LUKE 12:32-40: I believe that these remarks of Jesus to his disciples were made as the group of them were on the way to Jerusalem. Some of these remarks were made into precepts, and others seem to echo parables that Jesus later issued. We can break them down as follows.
On the way, Jesus told his followers to sell their possessions and give the proceeds away. They did not need them on their journey. This became the general precept to "sell your possessions and give alms" (33). Luke adds to this statements attributed to Jesus that seem to reflect those given earlier, in his instructions to disciples and in the Sermon on the Mount: "Provide for yourself purses that do not grow old." (A purse might grow heavy but can it grow old? Or are we to expect that the leather with which it is made deteriorates to no purpose?) Luke then adds Jesus' statement that they should lay up for themselves treasures in heaven, but at this point it comes out as "purses that (contain) a treasure in the heavens that does not fail, where no thief approaches or moth destroys." Then he quotes accurately Jesus' words in the Sermon on the Mount: "For where your treasure is, there is your heart also."
This last direction does include an important thought. Most of us would state this in the opposite manner: "Where your heart is, there your treasure is also." In other words, we give ourselves to that which we value most. Jesus' statement says the exact opposite. Give your treasure to that which is valuable, and your heart will follow your gift, be it a gift of time or of talent or of money.
Jesus also told his disciples to watch for his return from one of his side-journeys into a village to preach, teach, heal, or receive hospitality. That was an obvious thing for him to say, but in this passage it becomes translated into the precept to "wait for the master to come home" (36, with echoes of it in 38 about coming in the second or third watch). This becomes a parable in which the return of the master as the son of humankind is projected, at which point he will have them sit at table, and he will serve them. The "return" reminds Luke of another parable, that of the householder who would have protected his house if he had known the precise hour that the thief was coming. Luke surrounded these rather garbled parables with statements reflecting his belief that Jesus' followers need to be ready at any moment for his return from heaven: "Let your loins be girded and your lamps burning. . . . You must also be ready; for the Son of Humankind is coming at an hour you do not expect" (35 and 40).

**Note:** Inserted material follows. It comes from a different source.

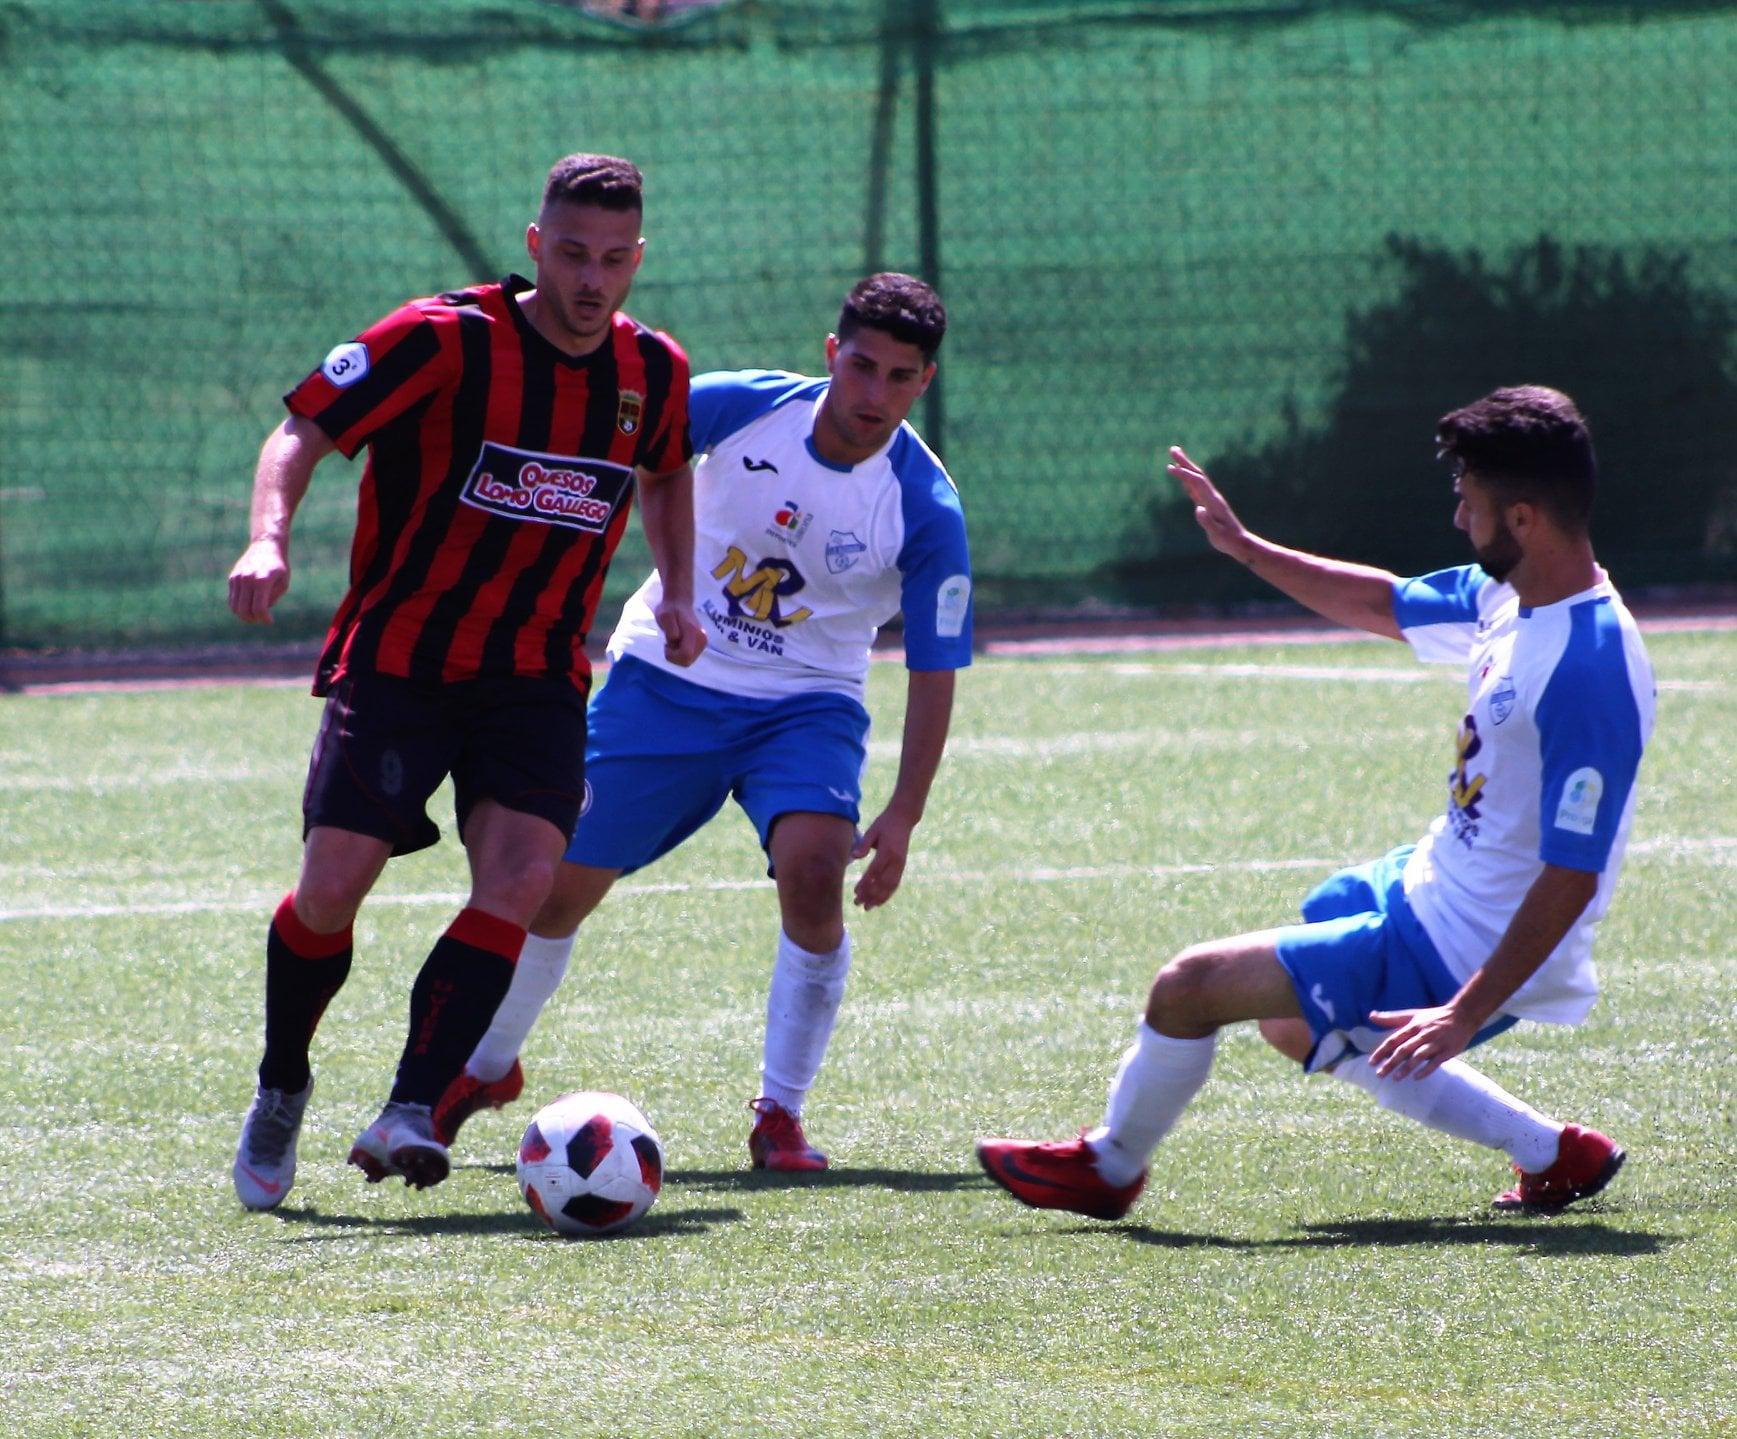 Tercera | El Viera inicia 2020 con un empate ante el Buzanada (0-0)

Toward the end of the 16th century the reformer in Zurich, Switzerland, Heinrich Bullinger, wrote that when a passage of scripture is obscure and makes no sense, we should go to similar passages that do make sense. He may well have had in mind a section of scripture like this one in Luke. We can go to all kinds of ends in trying to describe why this odd thing or that one is said and what it means. I think a more productive way to approach the passage is to go to those comparable passages in Matthew's Gospel and to earlier utterances in Luke's Gospel and interpret them. Did Luke know precisely what he was writing when he penned this passage of 12:32-40? I am not certain that he did. He seems to be trying to be faithful to sources that were already jumbled when he came upon them. In the light of Bullinger's principle, this is a passage that does not merit much of the interpreter's time in trying to deal with it.